Pada alasan untuk bertemu diri di masa lalu, kita merelakan untuk menempuh sejauh apapun itu. Maka, mudik menjadi pilihan.
Dengan datangnya syawal, maka bertemulah momentum. Kerinduan, dan juga keinginan selalu untuk pulang. Keduanya berpadu sehingga sekalipun berjejal, mahal, dan memerlukan waktu. Mudik di akhir ramadan menjadi pilihan yang tak tertahankan.
Ramadan sebelumnya, bukan hanya satu. Bahkan dua ramadan, mudik menjadi sebuah larangan. Walau demikian, ada pula yang menyiasatinya dengan pelbagai cara sehingga tetap memungkinkan untuk mudik.
Kini, mudik kembali menjadi perayaan.
Dimana semuanya sudah disiapkan.
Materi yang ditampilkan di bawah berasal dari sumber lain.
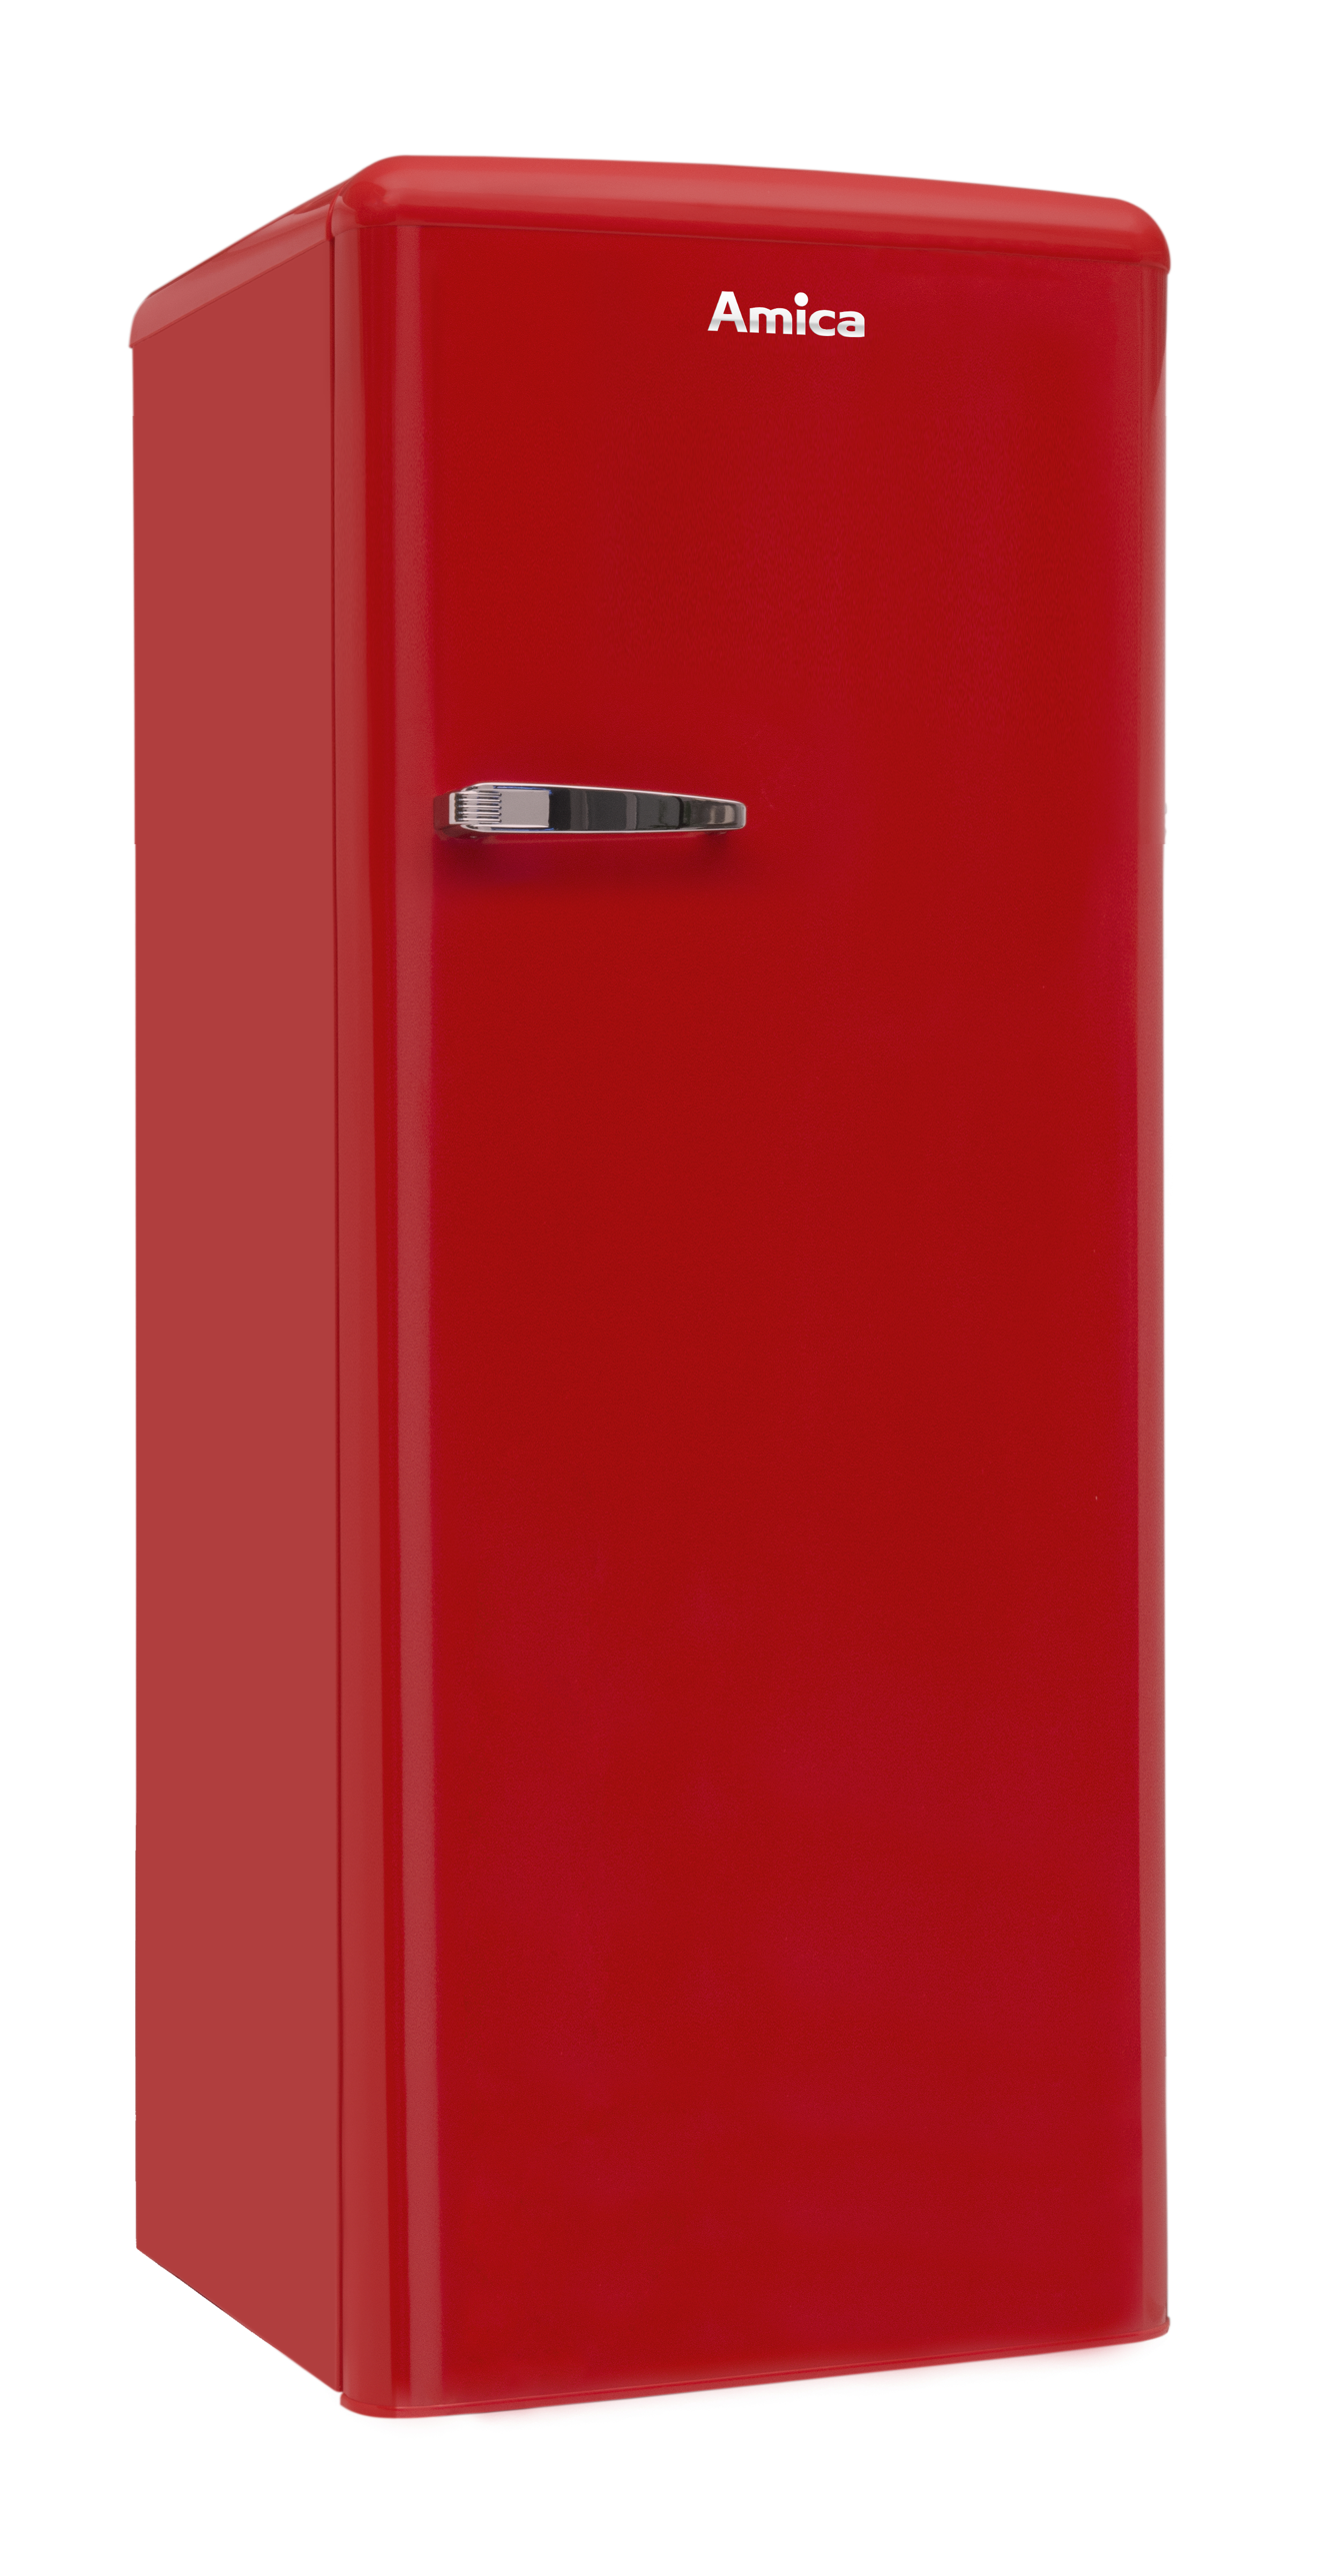 AMICA KSR 364 150 R Chili 1440 mm Kühlschrank Red) (E, Edition Retro hoch

Sekalipun harga tiket tak lagi murah. Menguras tabungan, dan bahkan untuk menjalaninya ada yang perlu meminjam.
Bukan saja itu. Risiko macet juga menghadang. Sekalipun itu menggunakan kendaraan pribadi. Bagi yang menggunakan angkutan umum, harganya kerap bertambah dengan tambahan tuslah yang naik di atas harga sebelum masa-masa mudik.
Sementara perjalanan yang kerap diliput di pulau Jawa saja. Betapa perjalanan dari timur, seperti Papua ke pulau Jawa kadang tak tergambarkan sama sekali. Itu juga sebuah ritual yang dilakukan para perantau.
Ada sekeluarga yang berprofesi sebagai tukang cukur harus menggadaikan barang-barang untuk mudik. Sekali dalam sepuluh tahun. Semuanya serba mahal, tapi tak ada pilihan lain.
Tak menyurutkan untuk melakukan itu. Sekalipun mahal, dan juga memerlukan waktu yang lebih lama berbanding biasanya.
Berkorban demi menyelesaikan kerinduan. Begitu pula dengan memori yang telah terpatri sepanjang masa kanak-kanak. Dijalani kembali, dipungut, dan dikenang.
Merantau ke kota, menjadi pilihan untuk pekerjaan.
Sementara meninggalkan kampung halaman. Masa-masa idul fitrilah menjadi sebuah peluang untuk tetap kembali. Kemudian memeluk kembali semua kenangan itu pada perjumpaan dengan syawal.
Mudik sejatinya adalah pulang. Kembali bersua dengan sanak saudara yang terpisah karena juga urusan kehidupan yang tak dapat ditunaikan kalau bersua selalu.
Menyemangati diri dengan keberadaan mereka, selanjutnya meneruskan perjuangan untuk kehidupan berikutnya.
Sampai nanti, giliran untuk kembali selamanya didapatkan.